Regarding the mandated clearing of securities-based swaps, the Commission requests comments on whether:
“In a Commission-initiated review, should the Commission consider information that is different from the information the Commission has proposed for a clearing agency to provide in a Security-Based Swap Submission to enable the Commission to make a determination regarding a clearing requirement? If so, what information should be considered and why?”
Yes, the Commission should be able to consider information that is different from that provided by the clearing agency making the Security-Based Swap Submission. The Dodd-Frank legislation provides the Commission with a mandate to help ensure the stability of the financial system. By its nature, ensuring systemic stability may require information that comes from many different areas in the financial system and is beyond the purview of any single clearing agency. The Commission should be able to draw on information provided by the other member agencies in the FSOC in order to judge the implications of clearing for systemic stability.

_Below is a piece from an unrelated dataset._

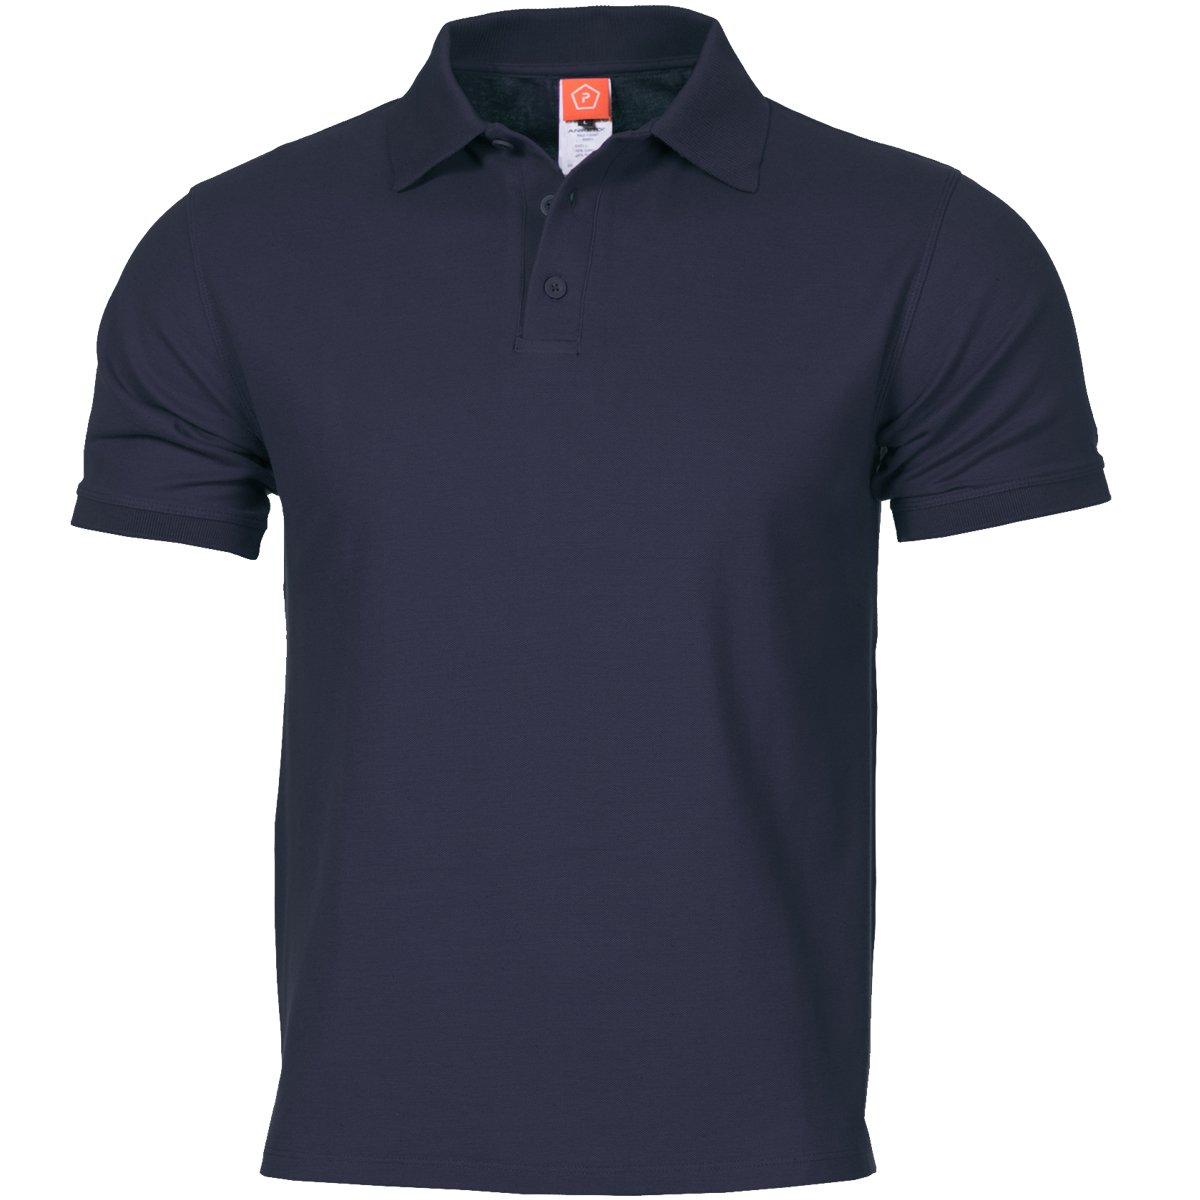 Pentagon Polo Shirt Aniketos Navy Blue, S, Navy Blue

As an example of why this might be necessary, recall that prior to the financial crisis no one entity understood the many ways in which the financial system had become dependent on credit default swaps (CDSs) for mortgage bonds. This dependence occurred across many different markets, instruments, and entities (e.g. CDSs were used to structure synthetic mortgage-backed securities that were then used as collateral in the interbank repo market). Dodd-Frank clearly envisions that regulators will work cooperatively through the FSOC to understand these interconnections and promote system-wide stability.
Congress has imposed on the SEC the heavy responsibility of adopting regulations that bring meaningful reform to the over-the-counter derivatives markets and help to prevent a repetition of the devastating financial crisis of 2008. The Commission has a responsibility to the American people to ensure that reckless derivative trading does not, once again, threaten the stability of the global financial system.
We, therefore, urge the Commission to require clearing agencies to disclose detailed information about the swap or class of swaps it proposes to clear – and also to require the submission of publicly available information regarding the reasons why the clearing organization rejects a given swap or class of swaps for clearing In addition, AFR urges the Commission to include in the final rule the proposals that would allow for public comment on a clearing agency’s Security-Based Swap Submission and prevent evasion of the clearing requirement. Finally, AFR believes the Commission should avoid excessive dependence on private external validators for assessing the core elements in a Security-Based Swap submission, and should draw on the range of available data and technical expertise represented among the members of the Financial Stability Oversight Council (FSOC) in assessing the effects of clearing and performing market surveillance.